Yes. They have little in common, beyond both resulting in a mismatch between vestibular data input to the brain and what’s actually going on, resulting in symptoms that impair performance.
In SAS, our best theory is that the shift from 1G to microgravity environment essentially results in a dropoff from baseline vestibular input that the brain seeks to rectify by dialing up the gain.
Think about it this way: On earth, every time you tilt your head up, down, etc you are leveraging it around a 1G vector that your otolith organ senses as linear acceleration, and so provides position information about your orientation in space to your brain. Similarly your canals will detect angular accelerations, but let’s stick to the linear accel for now.
I put you in microgravity, and now you get a fundamental mismatch in sensory inputs when you tilt your head - your eyeballs and proprioceptive feedback from your neck muscles tell your brain you’ve reoriented your head, but without any shift in otolith organ input it expects (because you now lack the constant 1G vector to leverage around).
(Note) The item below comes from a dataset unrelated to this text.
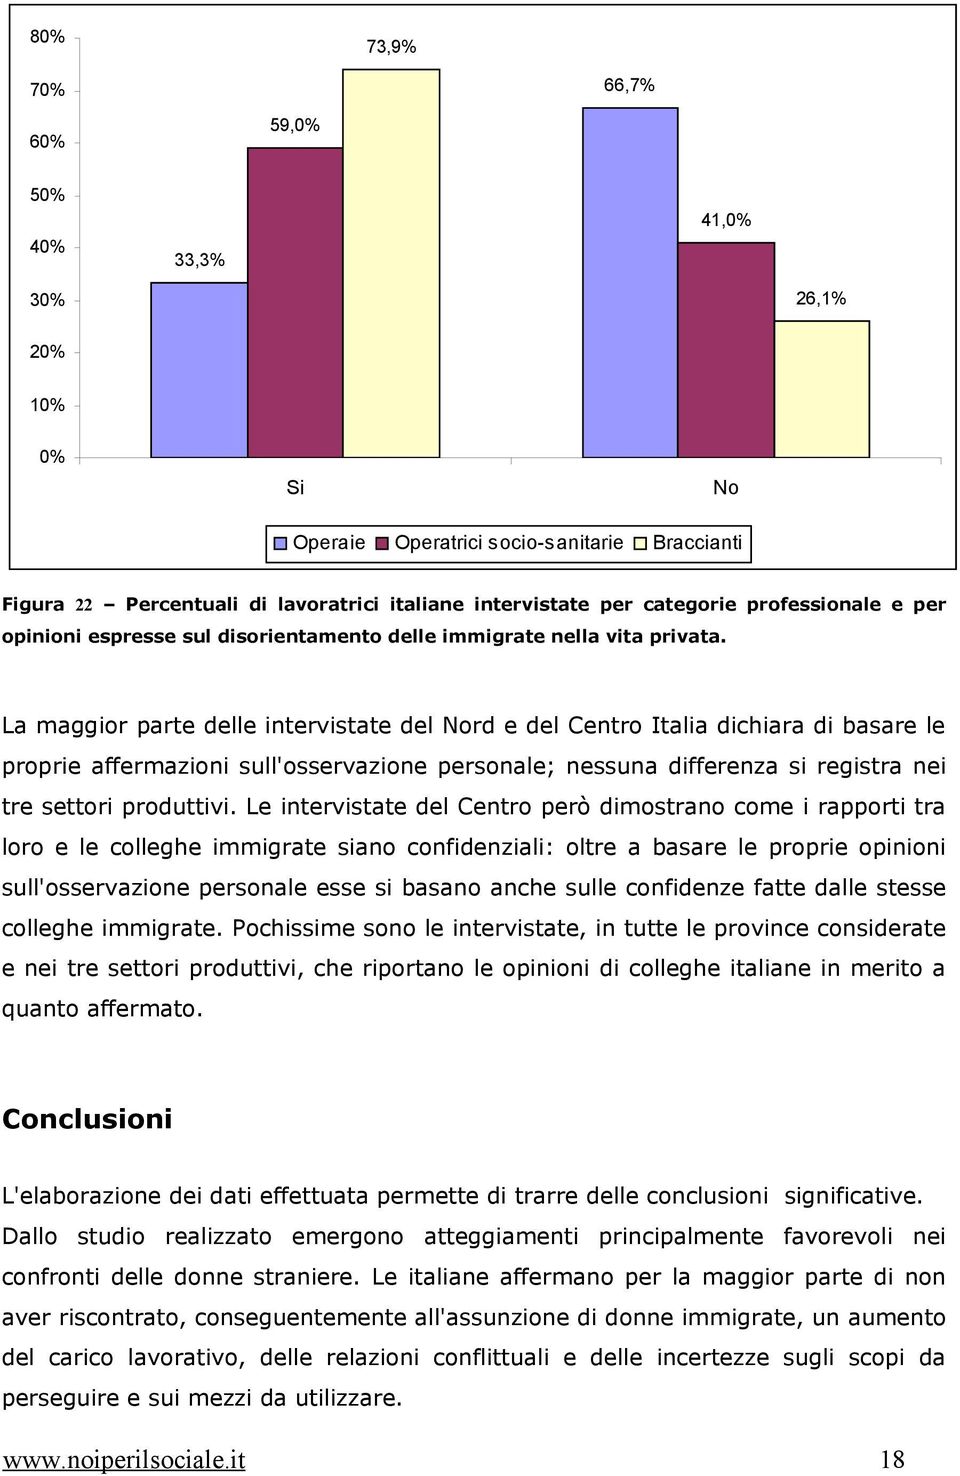 La maggior parte delle intervistate del rd e del Centro Italia dichiara di basare le proprie affermazioni sull'osservazione personale; nessuna differenza si registra nei tre settori produttivi.

This results in an uneasy sensation, with nausea arising in most periodically.
It can be accentuated by stacking a visual input that also seems at odds with the remaining data - crew new to station will report symptoms upon entering a module where other crew members are oriented horizontally or inverted from their POV.
The initial response of the brain to not getting the input it expects is as I said, to essentially dial up the gain to amplify any signal that’s there. After this doesn’t pay off, after about 5 days the brain decides to ignore the null signal and just run off of visual and proprioceptive input. Which is great for working in space......
....But is horrible for coming home. Because after 6 months of getting no vestibular input and having cranked the gain up, when we bring crewmembers home they now have to go through a (usually much worse) mirror adaptation period to re-learn to incorporate those sensory inputs. This is a significant operational concern for crew performance should any emergency procedures be needed post-landing, and with a return to water landings on the horizon we expect it’ll be even more provocative than the levels of deconditioning we’ve gotten used to with Soyuz land recoveries.